The Conference Board's Employment Trends Index (ETI) gained to 128.13 in June from a downwardly revised 126.42 in May, and is up 1.8% from a year ago, the group announced Monday.
The May number was originally reported as 126.81.
"The Employment Trends Index has been moving sideways in the first half of 2016, suggesting only moderate job growth in the coming months," said Gad Levanon, Managing Director of Macroeconomic and Labor Market Research at The Conference Board. "In such an uncertain political and economic environment, U.S. businesses, which in total have been experiencing shrinking profits for over a year, are unlikely to rapidly expand their payrolls."
The rise in ETI was driven by positive contributions from all eight components.
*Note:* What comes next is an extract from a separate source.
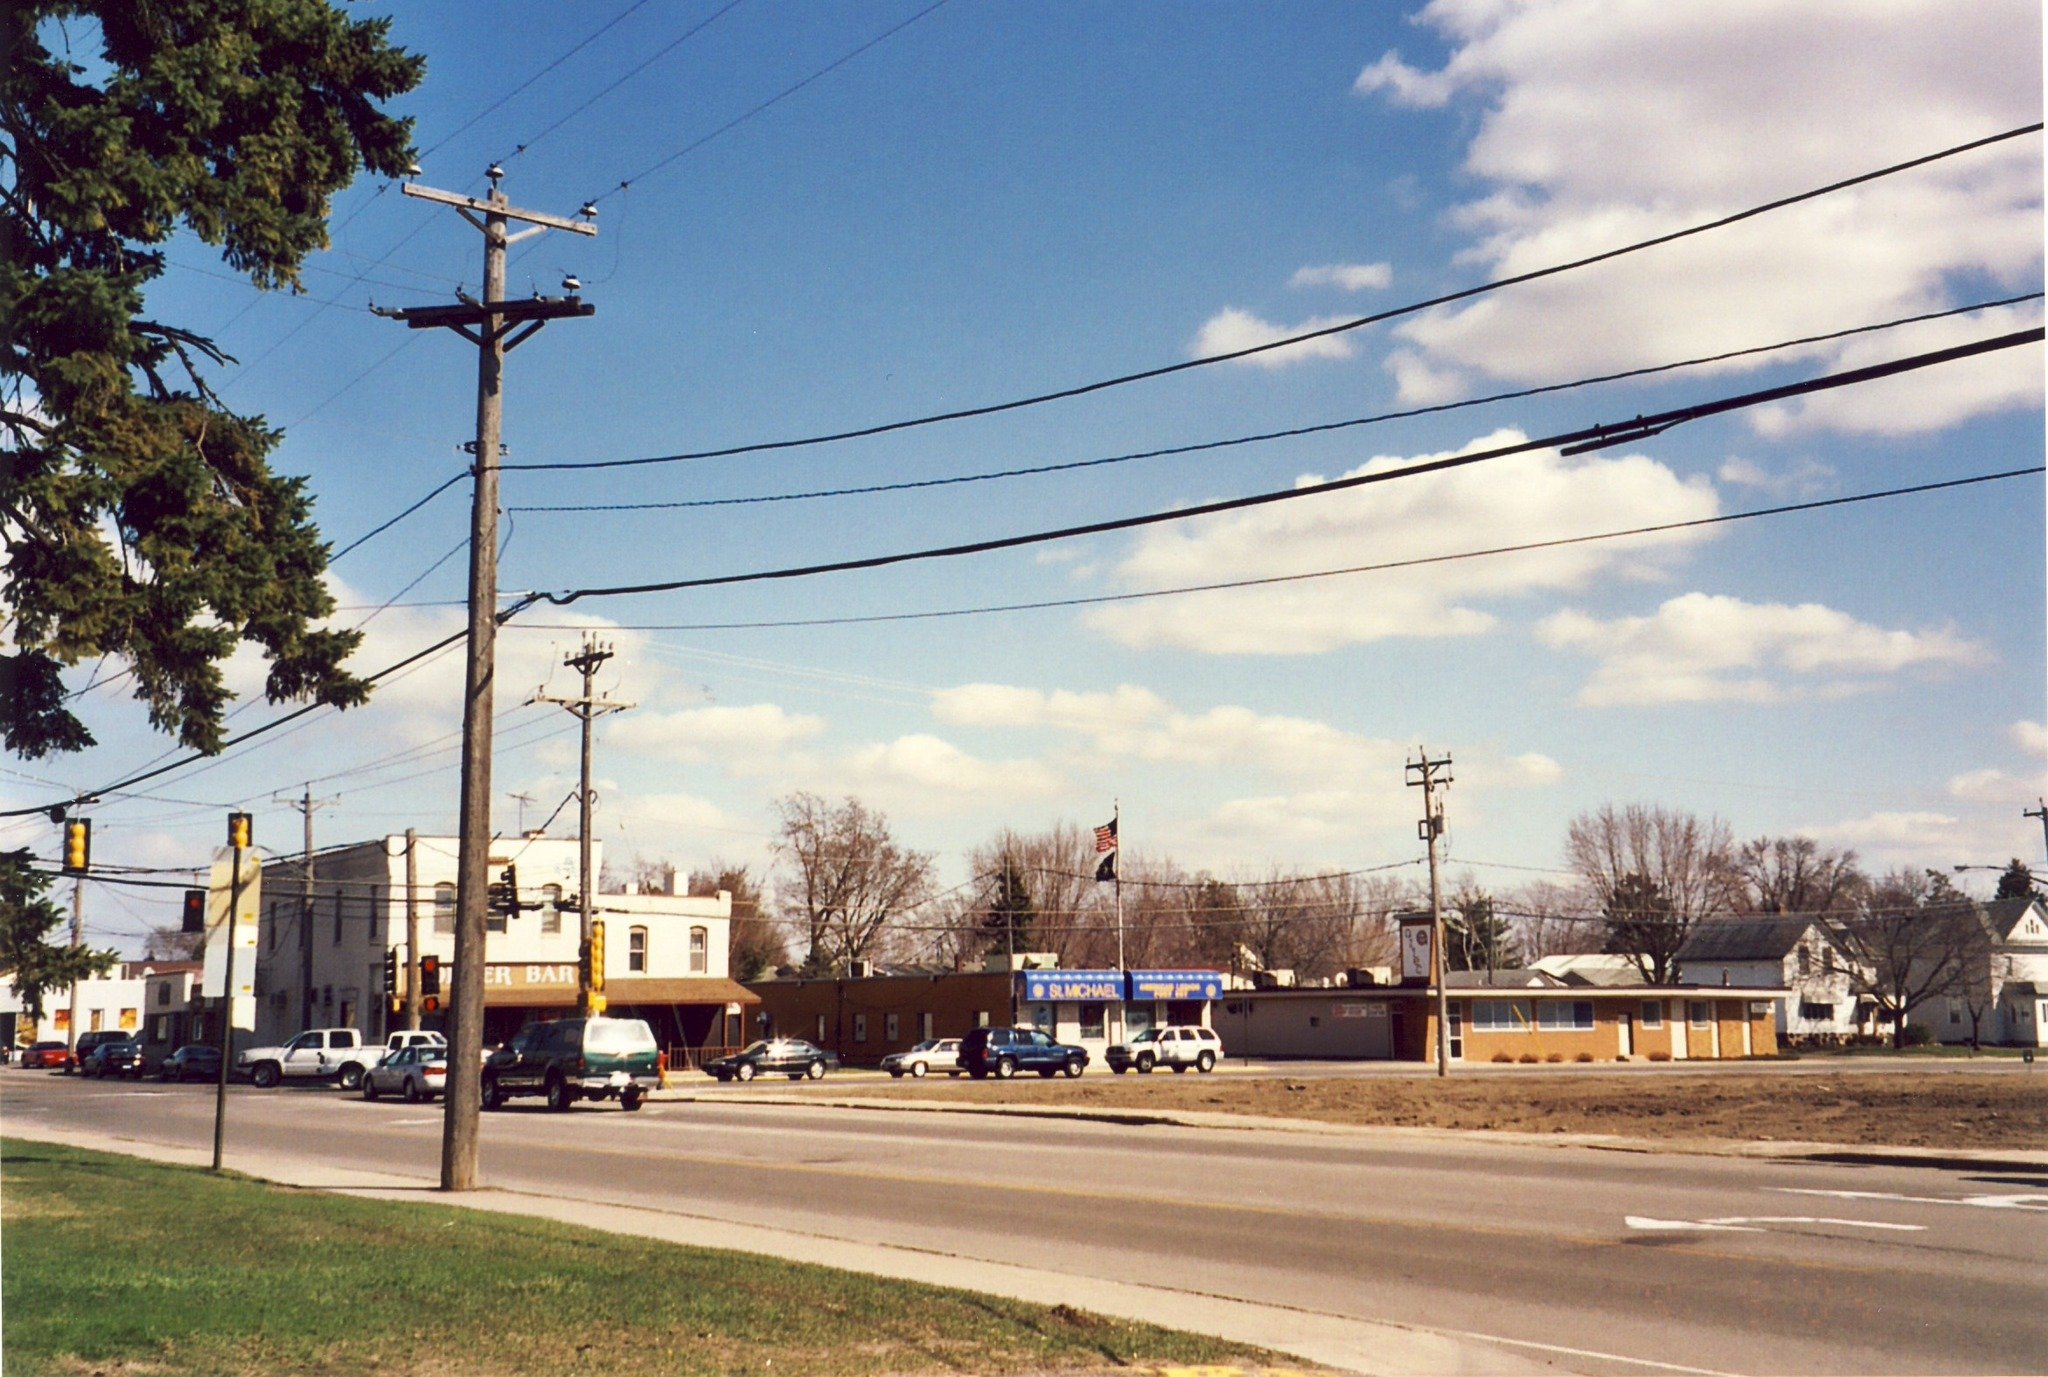 This was downtown St. Michael just 20 years ago. The photo was taken in April of 2004 shortly after most of the southwest quadrant was razed for street widening and redevelopment. While nostalgia causes us to lament the changes that have taken place,

The increasing indicators — from the largest contributor to the smallest — were ratio of involuntarily part-time to all part-time workers, initial claims for unemployment insurance, percentage of respondents who say they find "jobs hard to get," percentage of firms with positions not able to fill right now, real manufacturing and trade sales, number of employees hired by the temporary-help industry, industrial production, and job openings, according to the Conference Board.
The ETI aggregates eight labor-market indicators, each of which has proven accurate in its own area. Aggregating individual indicators into a composite index filters out so-called "noise" to show underlying trends more clearly.